Fred Ogden – Panama and NCAR

Dr. Ogden and his team and developing a commuter model and simulator looking at water infiltration.

Dr. Fred Ogden makes it rain – in the middle of Panama. Ogden and his team spray around two feet of water from their contraption onto a test site over the course of an afternoon. And then they wait. Dr. Ogden’s work on this site will be used in the creation of a computer simulation, as a part of the NCAR Supercomputer in Cheyenne, Wyoming. Ogden and his team work with the Smithsonian Tropical Research Institute and various universities. Ogden says: “I’m doing some of the coolest research of my life right now, and I love every moment.”

One of the various sprinklers used to precipitate an area for research. After collecting data, Ogden will use the results to make a computer simulated model

 

 

The Research

Once the sprinklers distribute water, Ogden’s team of researchers wait and see how much is taken up by plant roots and how much is run off. In some areas, all two feet of water runs off due to the lack of plants.

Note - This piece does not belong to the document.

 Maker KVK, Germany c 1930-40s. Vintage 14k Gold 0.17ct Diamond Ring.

Generally speaking, under the surface of forested land lies a complex web of tunnels and space for the water to trickle down and eventually for the roots soak up.

Treeless environments do the opposite. Water typically runs off since soils do not retain nearly as much as wooded areas.

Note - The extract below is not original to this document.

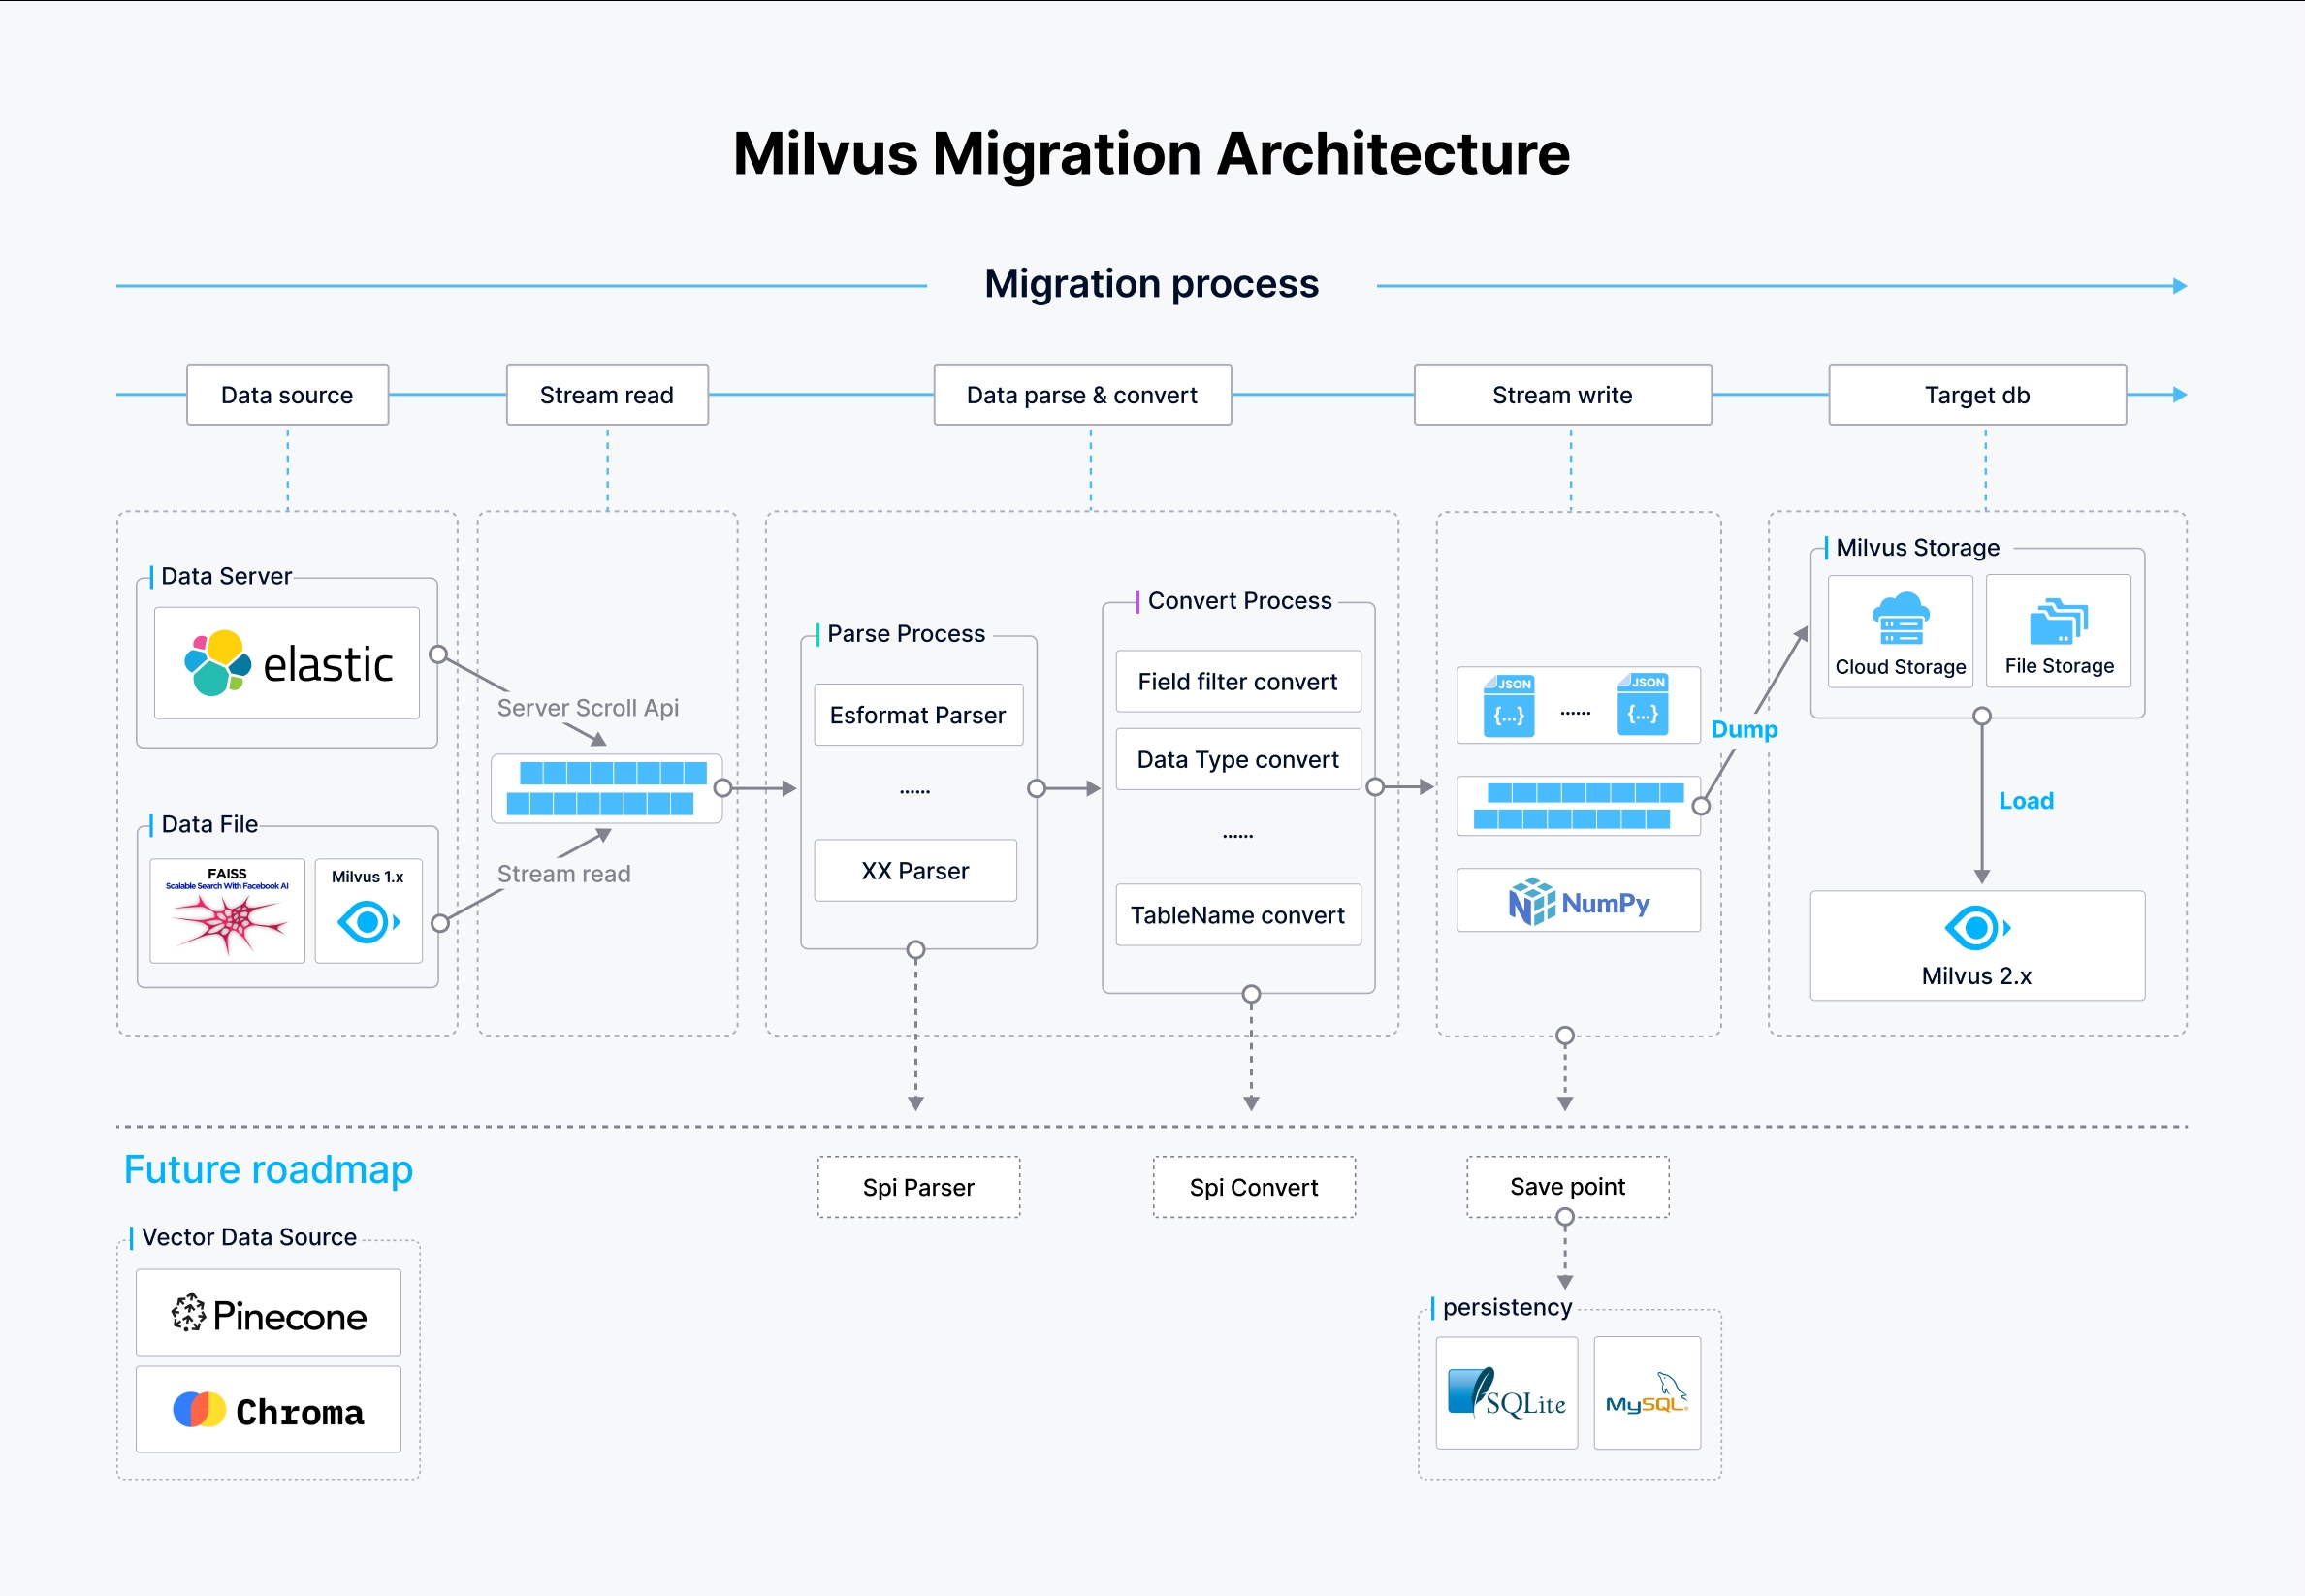 Milvus-migration architecture

This theory is known as the sponge hypothesis: forests act like sponges and soak up a considerable amount of water, whereas grassy vegetative environments cannot take in as much, resulting in runoff.

Hopefully infiltration rates are high, if not, their trucks might get stuck in muddy situations

Hopefully infiltration rates are high. If not, their trucks might get stuck in muddy situations.

Next they compare infiltration rates at various sites. Ogden tested approximately seven sites so far but hopes to complete twenty more for more data. A wide range of data from various vegetative sites will make a well-rounded computer simulator.

 

 

Cool, But Why Panama?

It can be difficult to find the connections between Wyoming and Panama, one is dry and arid (Wyoming) while the other is humid and wet (Panama).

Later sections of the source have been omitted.